Лиггетт задался вопросом: задумывался ли Уокер когда-нибудь над этим — и если да, приятно ли было об этом думать? Возможно, он задумывался об этом слишком часто. Для одного человека это каторжная работа. Лиггетт решил, что когда увидит Уокера, посоветует ему устроить отдых (хотя Уокер только что вернулся с отдыха). Было все еще светло и по часам Лиггетта слишком рано искать Глорию.

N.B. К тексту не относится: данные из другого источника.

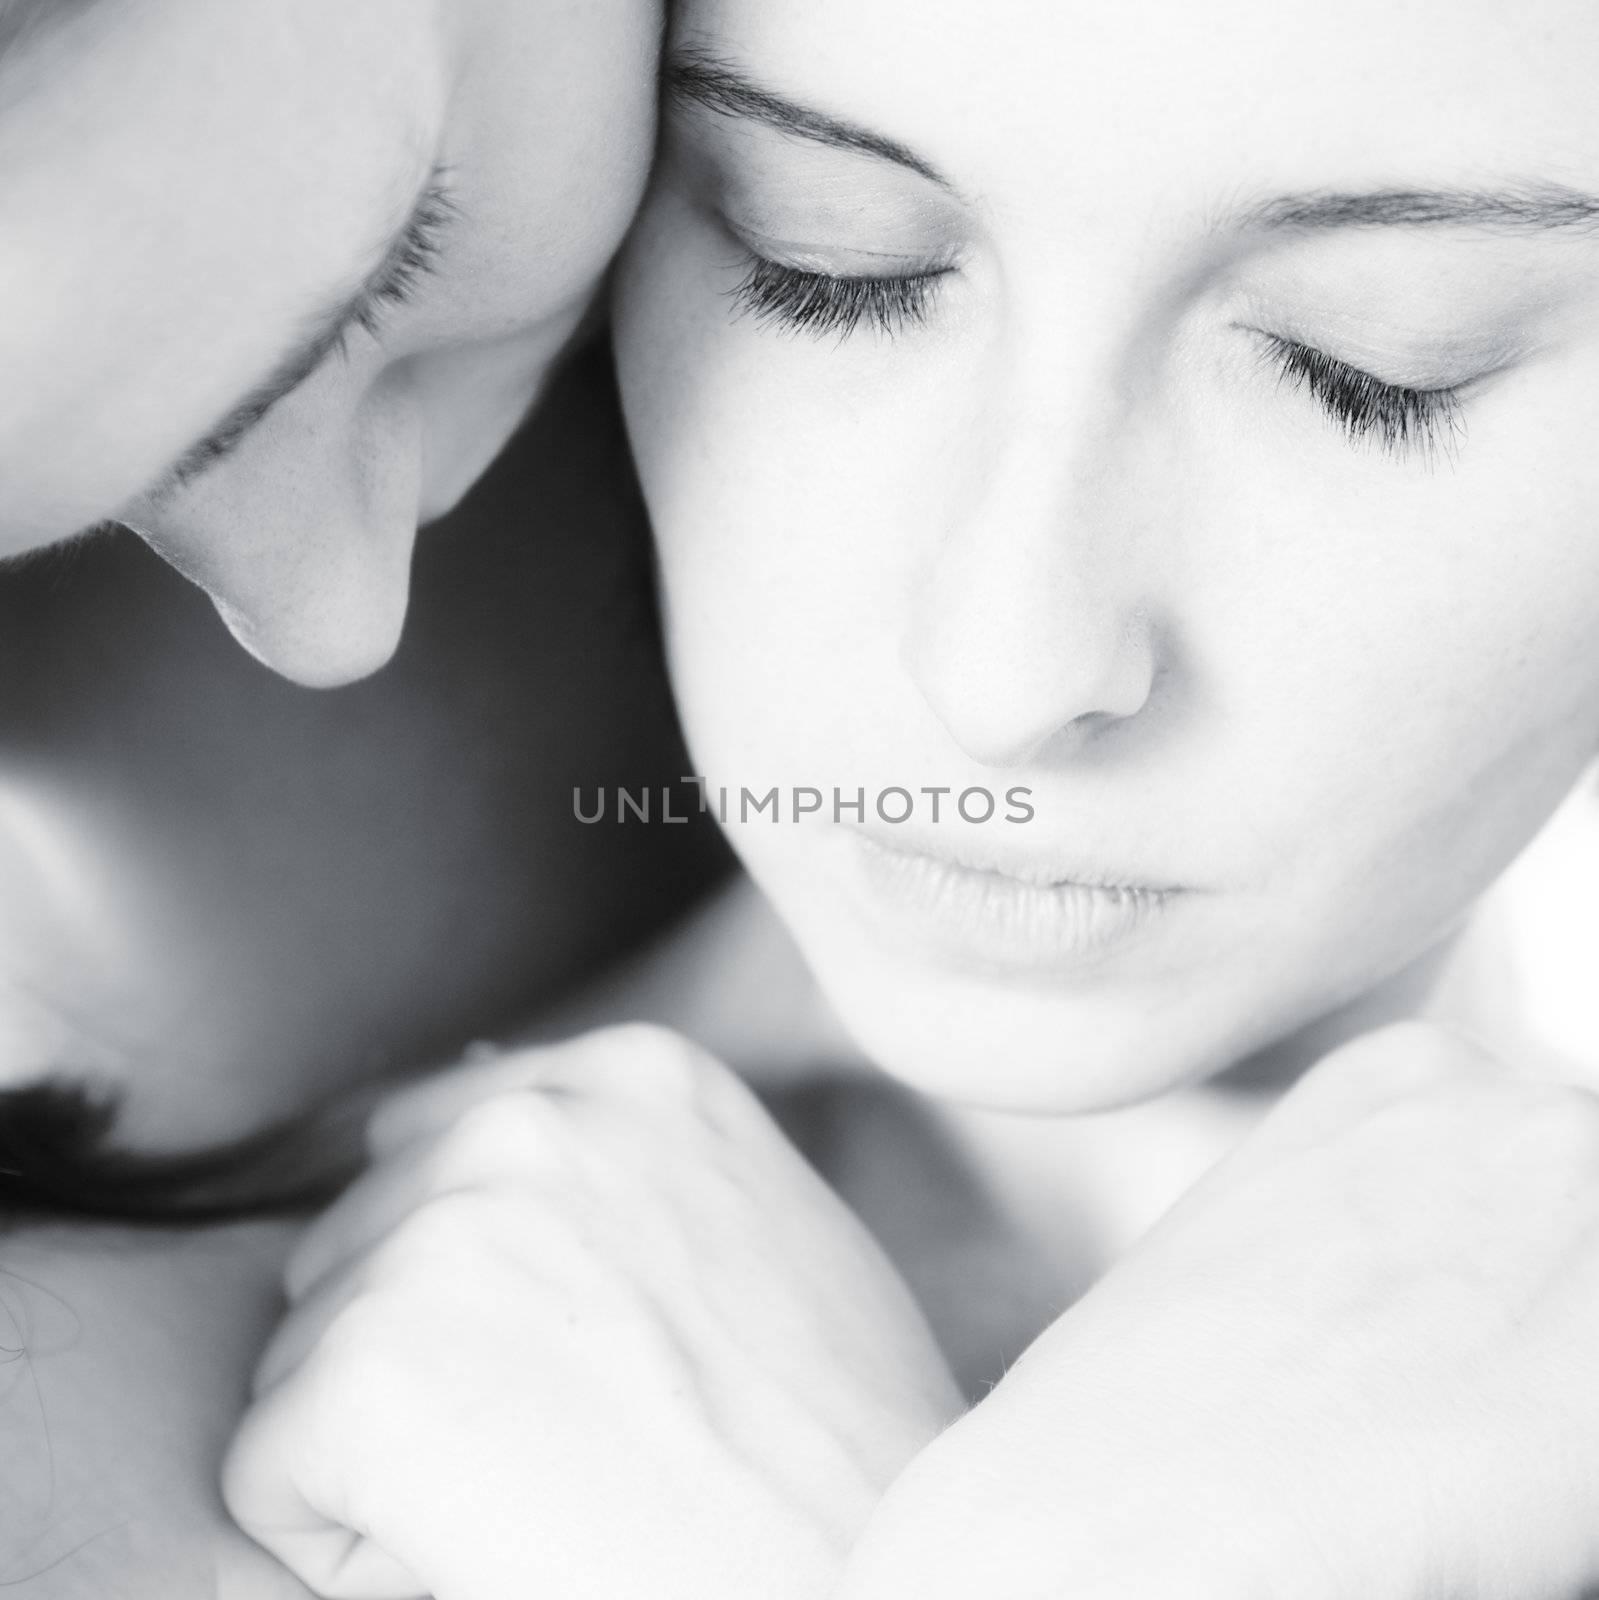 two beauty girlfriends in lingerie in the photo studio

Чертежи. Знает ли средний человек, сколько нужно хранить в шкафу чертежей, к примеру, угольного подъемника, мимо одного из которых они проплывали? Существовали чертежи всех вертикальных проекций самого здания, горизонтальных проекций и так далее. А сколькими синьками приходится пользоваться инженеру-проектировщику? Средний человек, взглянув на распределительный щит, даже не будет знать, что существовала синька самого щита, а еще синьки для электропроводки и изоляции, синьки для генератора, отдельная синька для различных частей вроде подшипника. Господи! Изобрести бы материал для синек, который был бы гораздо лучше существующего, ходкий, но продающийся чуть дешевле, чем все прочие! Это принесло бы целое состояние. Хотя Лиггетт видел множество чертежей, он понятия не имел о том, как производится бумага. Ну и ладно. Это не его род деятельности, но все равно думать об этом было приятно. Чертежей тысячи. Да что там, на одном только заводе, таком, как завод Эдисона…

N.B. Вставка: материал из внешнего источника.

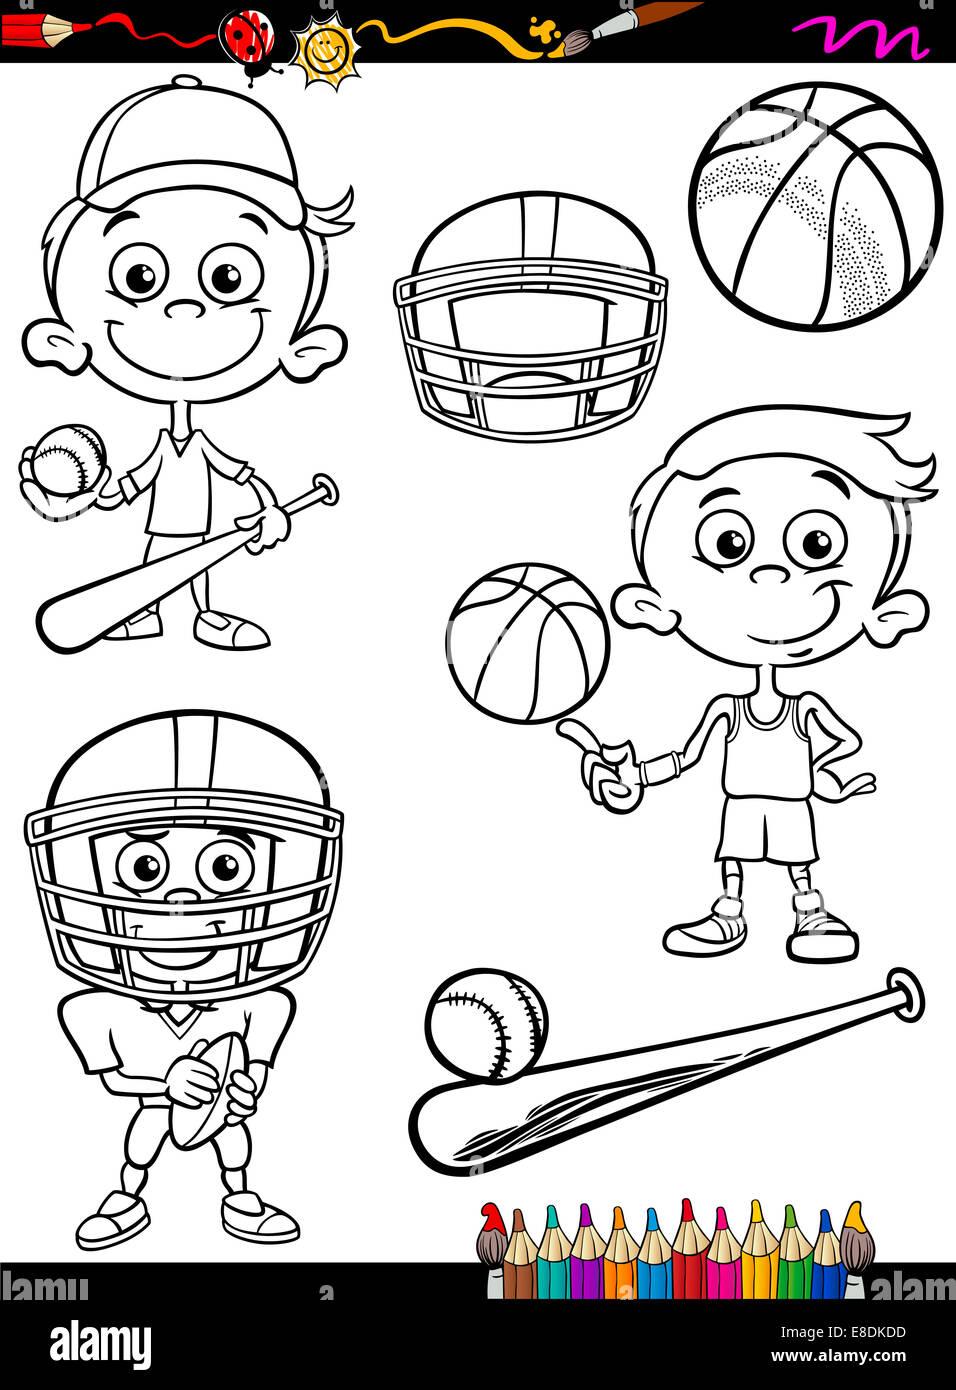 American Football Play Book Imágenes De Stock & American Football ...

Глиссер, принадлежавший человеку, которого Лиггетт знал, обслуживать который помогали пятеро знакомых Лиггетта, поравнялся с «Сити оф Эссекс» и стремительно пронесся мимо. С двумя подводными валами, с мощными двигателями, глиссер задирал нос и мчался так, словно за ним гнались черти. Зачем люди идут на такой риск в Ист-Ривер, ведь при такой скорости плавающая сигарная коробка пробьет корпус и натворит черт-те что, возможно, убьет всех пассажиров и немногочисленную команду. «Господи, какие есть идиоты», — произнес Лиггетт. Если это способ пощекотать себе нервы, ладно; но как способ добираться домой никуда не годится. Хотя железная дорога на Лонг-Айленде не идеальна, все же лучше пользоваться ею, чем гибнуть на таком суденышке. Быстрее и безопаснее был бы самолет, его можно посадить возле яхт-клуба, где у глиссера стоянка. Да и пользоваться самолетом было бы не дороже. Какие же некоторые люди идиоты! Каждый из них женат, имеет по крайней мере одного ребенка, и по крайней мере один из них не в состоянии выплатить свою долю громадой стоимости этого глиссера. Зачем только делают такие посудины, и вообще, зачем носиться так быстро?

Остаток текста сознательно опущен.